Because middleBrick scans the unauthenticated attack surface and runs checks such as Authentication, BOLA/IDOR, and Property Authorization in parallel, it can surface these classes of problems against a Hanami API protected only by Bearer Tokens. The scanner does not assume that authentication equals authorization; it tests whether endpoints properly enforce scope- and resource-level checks, returning findings with severity ratings and remediation guidance to help developers tighten access controls.
Bearer Tokens-Specific Remediation in Hanami — concrete code fixes
To remediate Broken Access Control when using Bearer Tokens in Hanami, you must couple token validation with explicit, server-side authorization checks for every sensitive operation. Below are concrete patterns and code examples you can apply.
1. Validate token and enforce scope-based authorization
Ensure your controller validates the Bearer Token and enforces required scopes or roles before proceeding. Avoid relying on a simple presence check.
module Web::Controllers::Accounts
class Show
include Hanami::Action
def call(params)
token = params[:header]["authorization"]&.to_s.sub("Bearer ", "")
halt [401, { error: "Unauthorized" }.to_json] unless token_valid?(token)
account = AccountRepository.new.find(params[:id])
halt [403, { error: "Forbidden" }.to_json] unless account && policy(account).read?
self.body = { account: account }.to_json
end
private
def token_valid?(token)
# Verify signature/issuer/expiry using your auth library (e.g., JWT)

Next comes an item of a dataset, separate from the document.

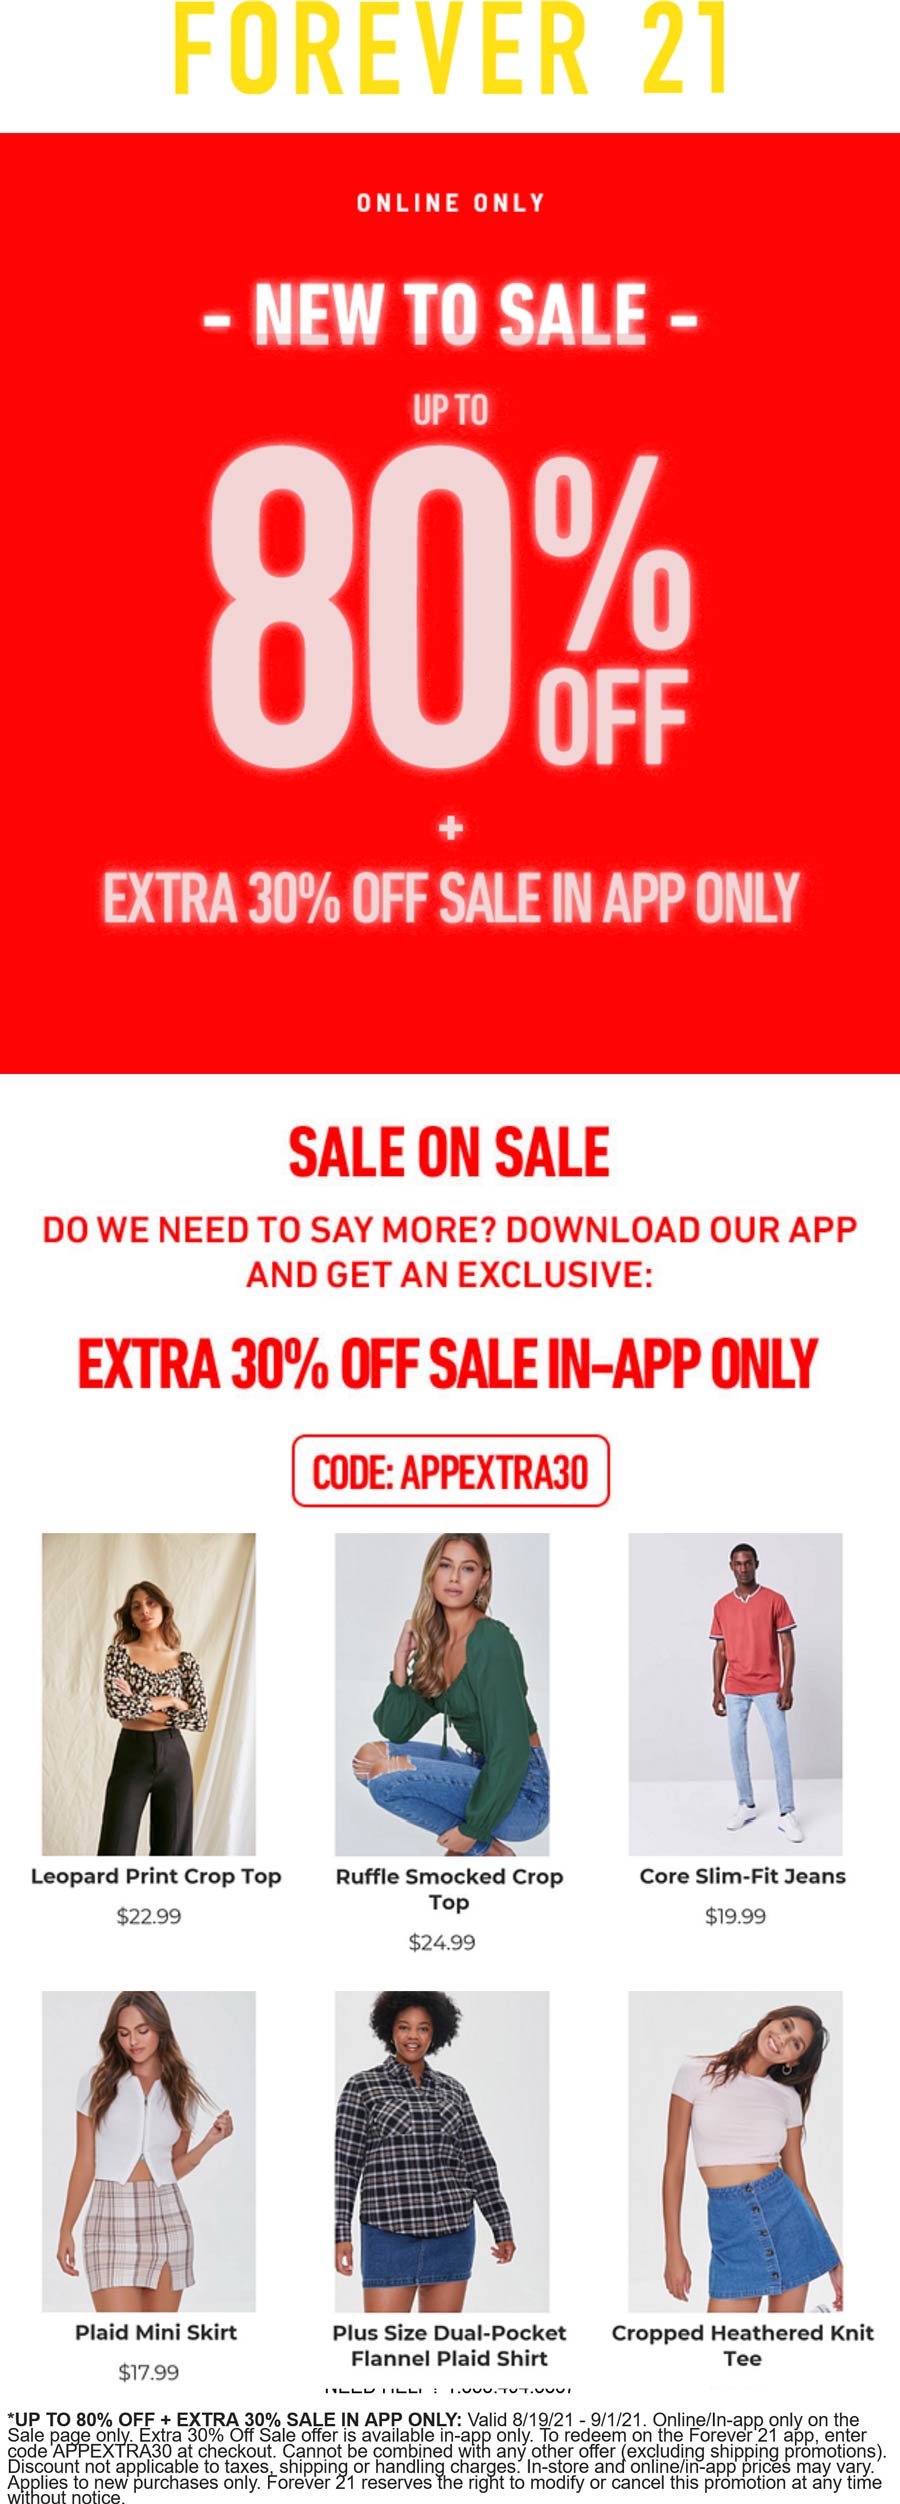 Forever 21 stores Coupon  Extra 30% off sale items at Forever 21 via promo code APPEXTRA30 #forever21 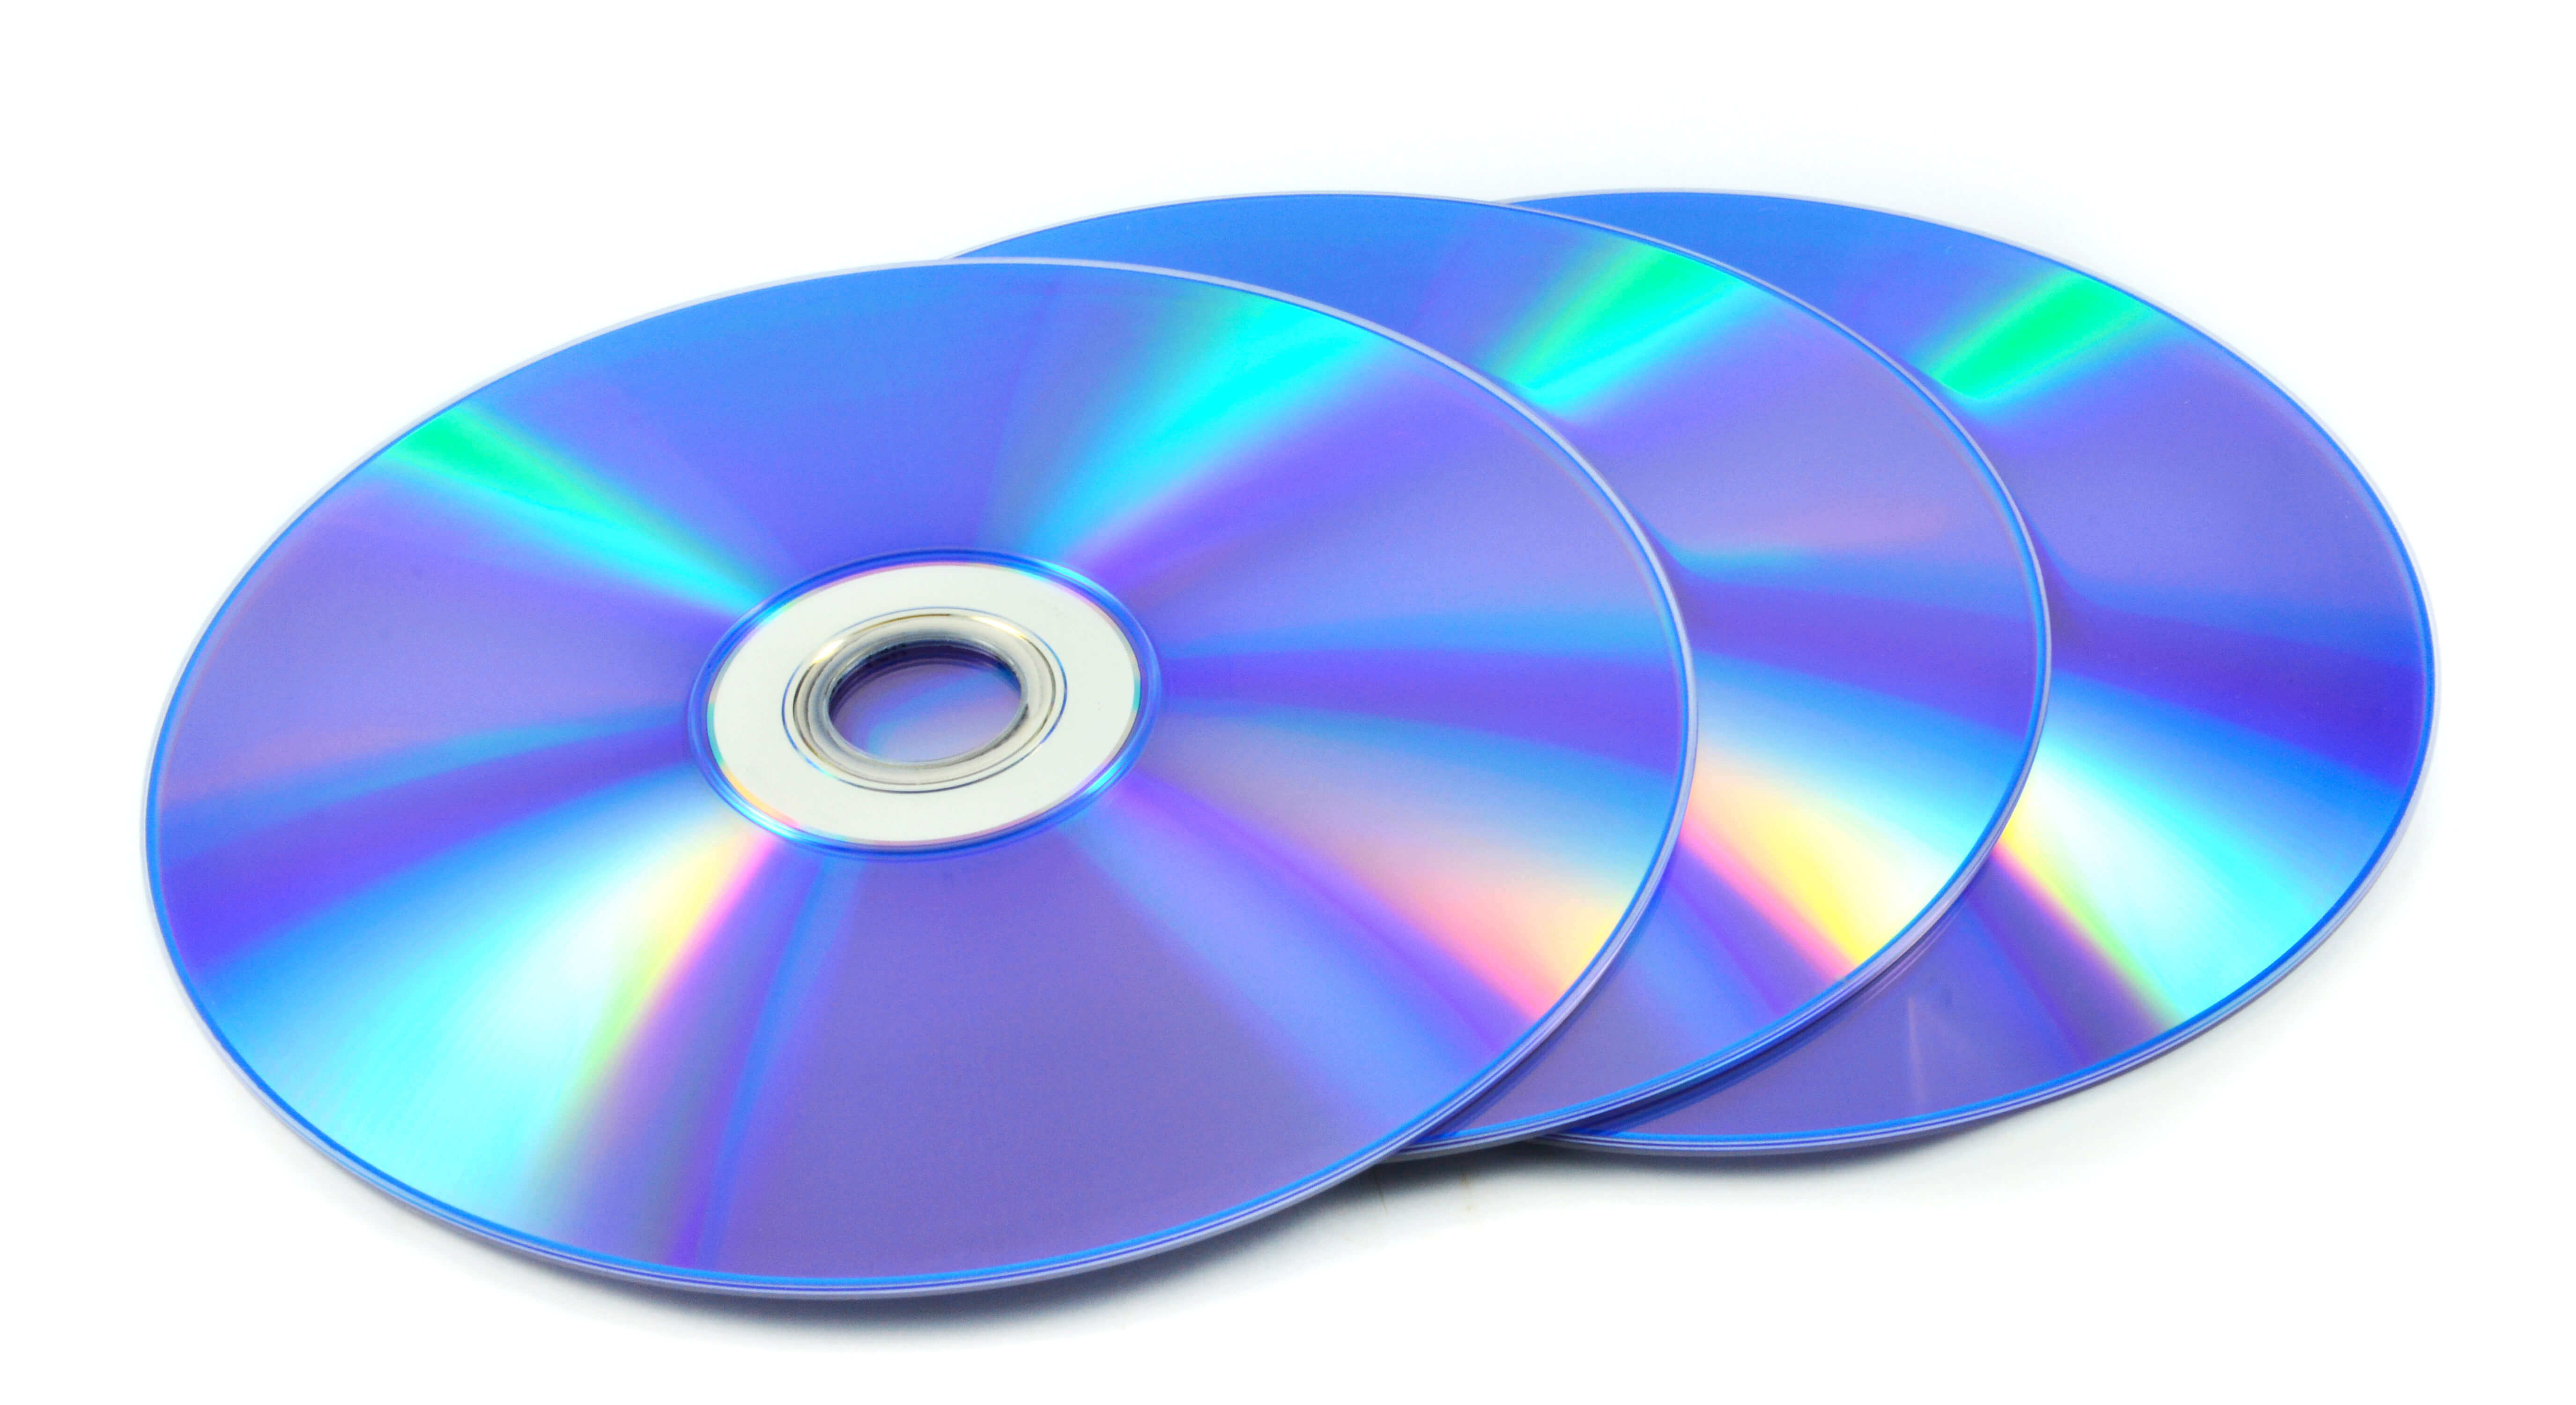 Blu-ray Definition - What is a Blu-ray disc?

# Return true only if token is valid and contains required scope/roles
end
def policy(account)
TokenPolicy.new(token: token, account: account)
end
end
end
2. Apply object-level authorization for resource ownership
When an endpoint includes an identifier (e.g., account ID), compare it to the identifier associated with the token to prevent IDOR.
module Web::Controllers::Transactions
class Create
include Hanami::Action
def call(params)
user_id = current_user_id_from_token
amount = params[:body][:amount]
halt [403, { error: "Forbidden" }.to_json] unless params[:body][:account_id] == user_id
# Proceed with transaction creation for this user’s account only
Transactions::Create.new.call(user_id: user_id, amount: amount, account_id: params[:body][:account_id])
self.status = 201
end
end
end
3. Use a policy object to centralize authorization logic
Define a policy class that encapsulates rules for each resource and reuse it across actions.
class TokenPolicy
def initialize(token:, account:)
@token = token
@account = account
end
def read?
token_scopes.include?(:read_accounts) || token_user_id == account.user_id
end
def write?
token_scopes.include?(:write_accounts) || token_user_id == account.user_id
end
private
attr_reader :token, :account
def token_user_id
# decode or fetch from token store
end
def token_scopes
# extract scopes from token
end
end
4. Enforce authorization at the route level where applicable
For APIs, consider scoping routes and using constraints or middleware to ensure tokens carry minimal required scopes. Combine this with per-action checks for defense in depth.
# config/routes.rb
Rack::Builder.new do
use Rack::Auth::Token, realm: "API", "scope" => "read_accounts"
run Hanami.app
end
These examples illustrate how to bind Bearer Token validation to explicit, resource-level authorization in Hanami. By doing so, you reduce the risk of Broken Access Control and align with best practices for token-based API security.